Plot synopsis (blatantly stolen from Wikipedia):  The engineers of the alien spacecraft that the original seaQuest discovered before her destruction receive the message sent by the crew and relay their intentions, through Darwin, to make first contact with the Human race. While the crew are ecstatic, General Thomas and a hot-shot UEO lieutenant can only see things from a military perspective.

In other words, hooray!  Aliens!

00:00:00:  We open up on a scene of confused people on an underwater station.  Random Crewmember #1 informs us that there’s nothing on the screens and “this part of the abyssal is kinda famous for its phantom signals, we get them all the time.”  This, of course, wouldn’t be worth mentioning in front of the rest of the crew of said deep sea station.  It’s almost like they know they’re on TV…

This is one of the things that really annoys me about screenwriting.  Everyone has to know something that’s a little odd that happens so often it’s just faded to the background, right?  We’ve all had that, “What’s that noise?  Oh, it’s just the house settling.”  That would make a much more effective and less pant-shittingly-cliché shorthand than the crap above.
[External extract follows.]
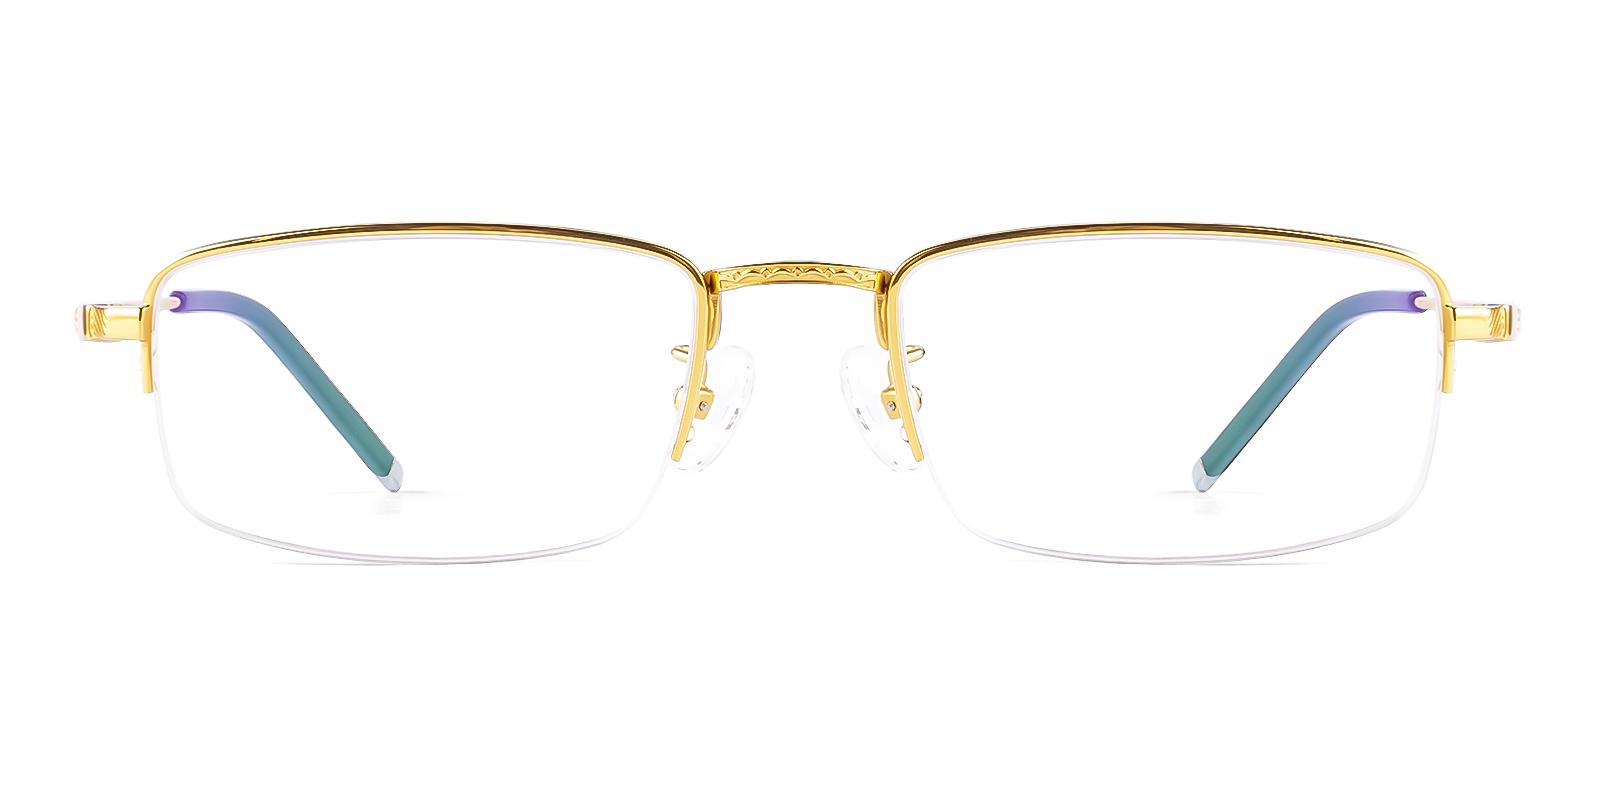 Alternier Gold Titanium Eyeglasses , NosePads Frames from ABBE Glasses
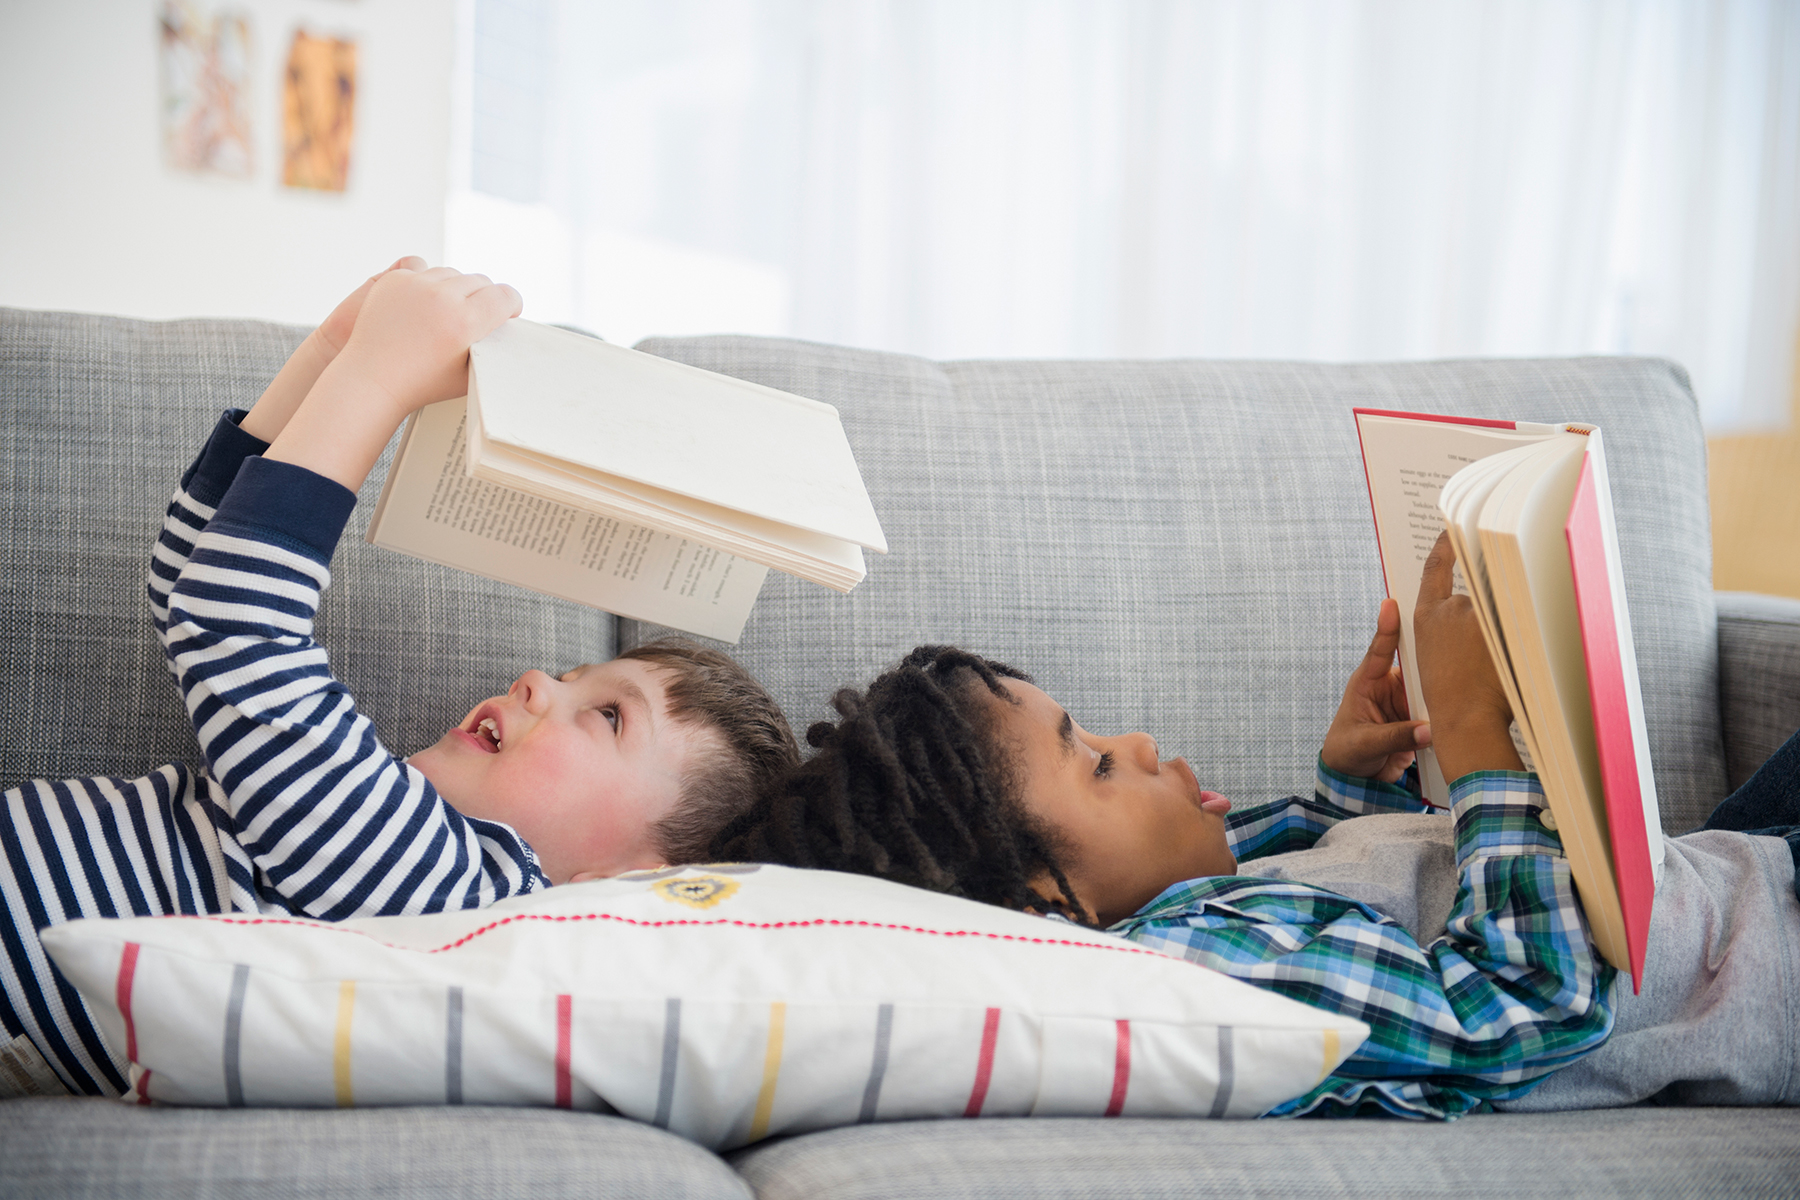 مطالعه کتاب می تواند تاثیرات قابل توجهی در تربیت صحیح فرزندان داشته باشد.

Also, Random Commanding Officer #2 doesn’t believe in boogeymen and, dammit, he wants answers.  I’ll bet everyone else in the crew is fantasizing about stabbing him in the neck, since he apparently has to confirm his lack of belief in boogeymen by sending them out after each and every one of those famous phantom signals.  Fuck that guy and his insistence that the ocean doesn’t have any weird crap going on.

That said, it’s probably aliens.

Ancient-Aliens

00:01:20:  We’re treated to a shimmering blob that’s sending out blue sound pulses and some sort of coded message (because science!).  Random Crewmember #1 says, “That’s weird, if I didn’t know any better I’d say they’re looking for seaQuest.”  How the deuce did she did she discern that?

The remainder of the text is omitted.